A hearse (/hɜrs/) is a large vehicle, originally a horse carriage but later with the introduction of motor vehicles, a car, used to carry the body of a deceased person in a coffin to a funeral, wake, or graveside service. They range from deliberately anonymous vehicles to heavily decorated vehicles.

In the funeral trade of some countries hearses are called funeral cars or funeral coaches.

==History==
The name is derived, through the French herse, from the Latin herpex or irpex, which means a harrow. The funeral hearse was originally a wooden or metal framework, which stood over the bier or coffin and supported the pall. It was provided with numerous spikes to hold burning candles, and, owing to the resemblance of these spikes to the teeth of a harrow, was called a hearse. Later on, the word was applied, not only to the construction above the coffin, but to any receptacle in which the coffin was placed. Thus from about 1650 it came to denote the vehicle on which the dead are carried to the grave.
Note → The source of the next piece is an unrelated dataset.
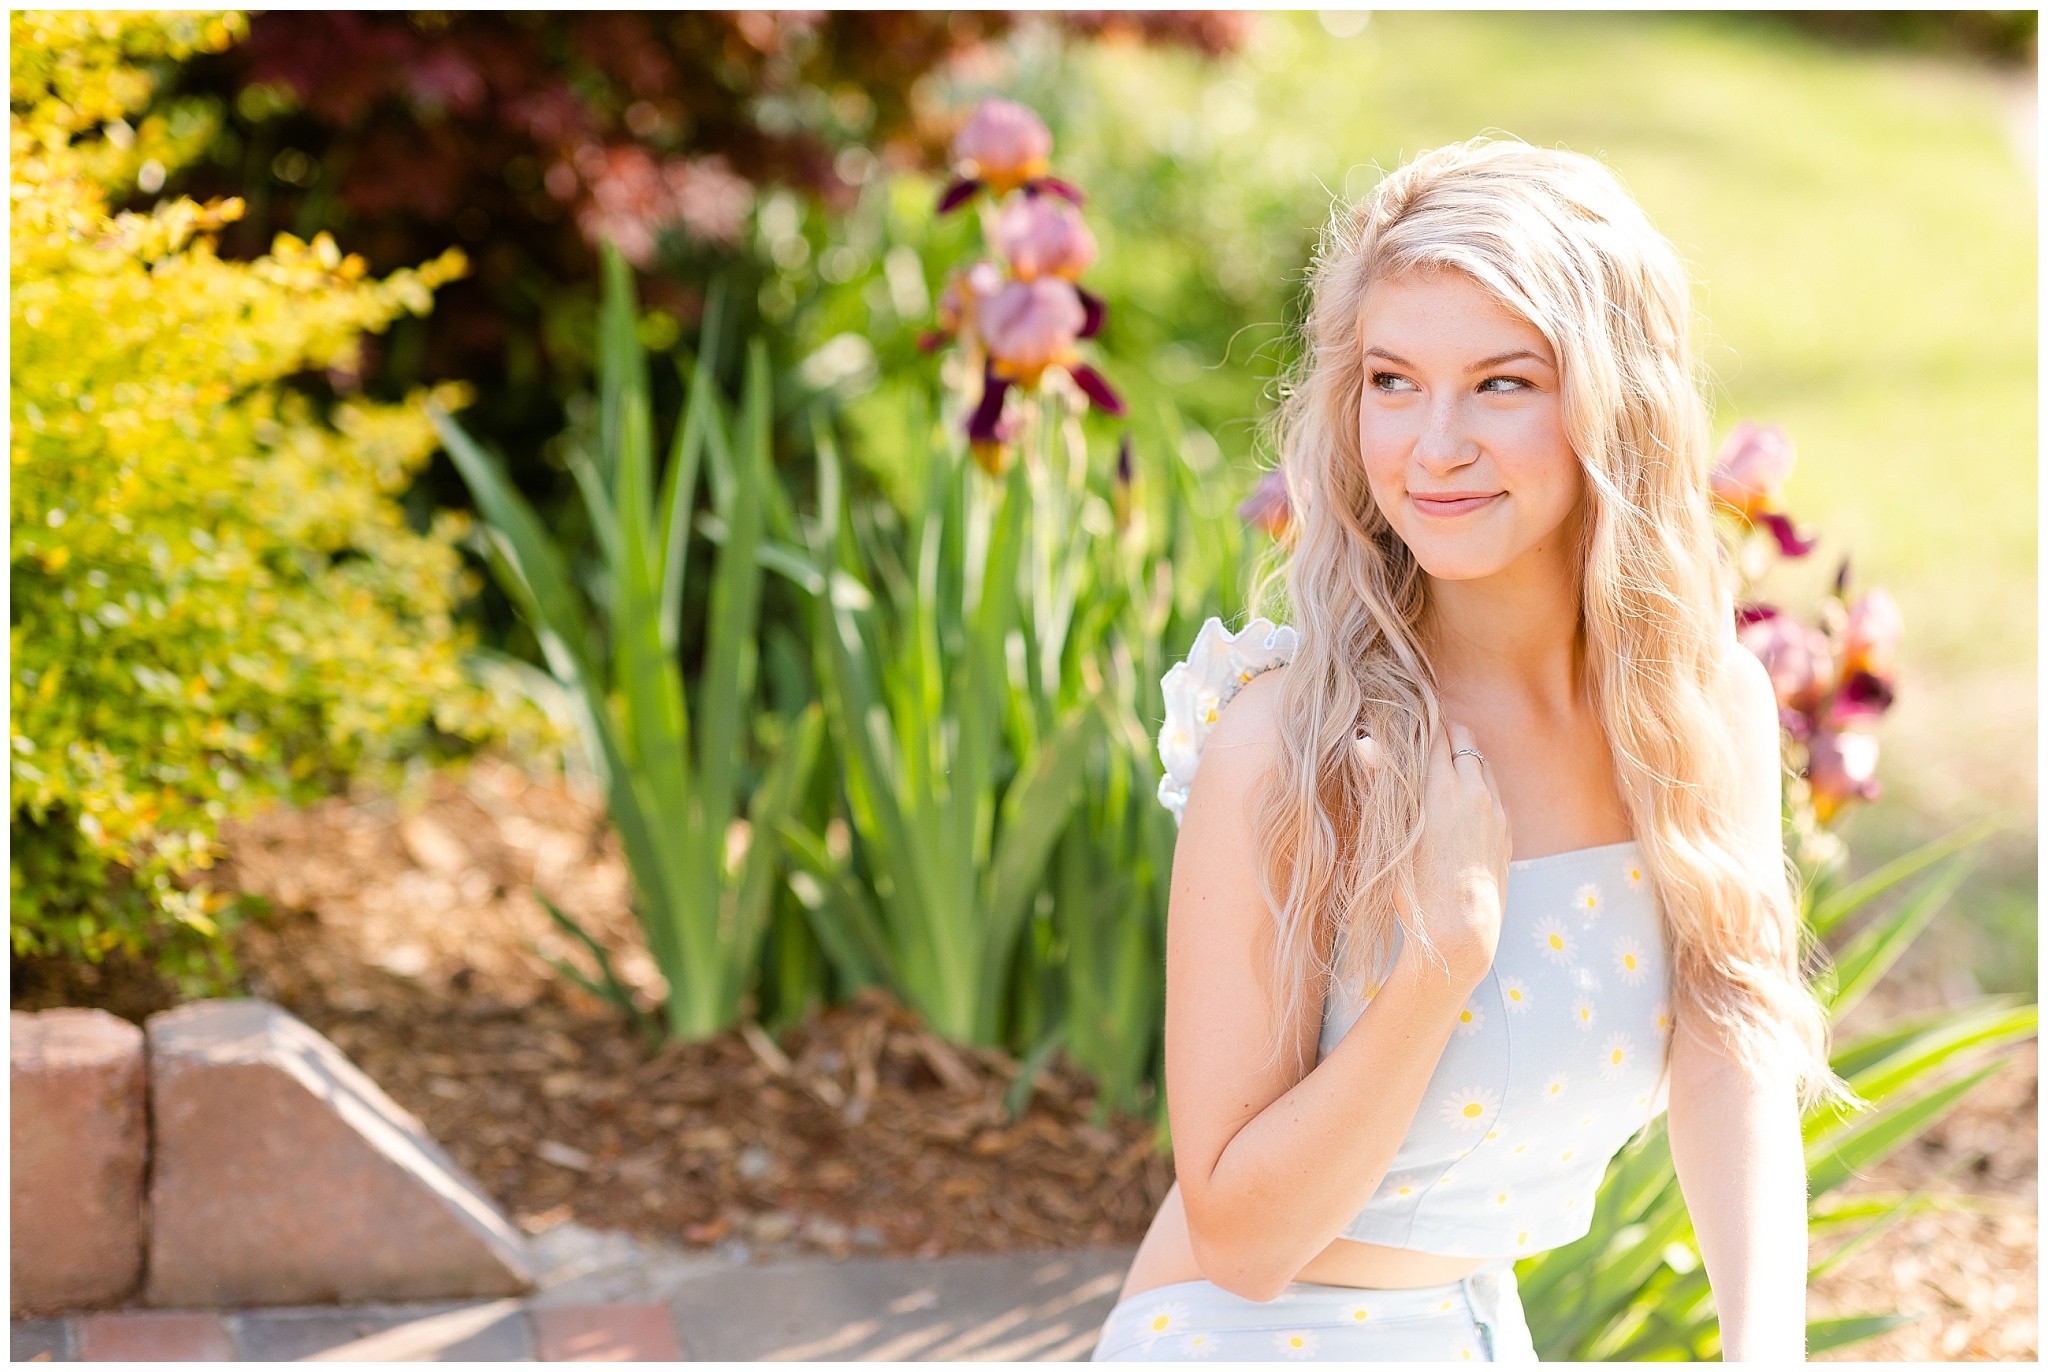 Senior session at the Wilson Botanical Gardens with Casey W. Childers Photography.

Hearses were originally hand-drawn then horse-drawn after the decoration and weight of the hearse increased. The first electric motorized hearses were introduced to the United States in the early 1900s. Petrol-powered hearses began to be produced from 1907 and, after slow initial uptake due to their high cost, became widely accepted in the 1920s. The vast majority of hearses since then have been based on larger, more powerful car chassis, generally retaining the front end up to and possibly including the front doors but with custom bodywork to the rear to contain the coffin.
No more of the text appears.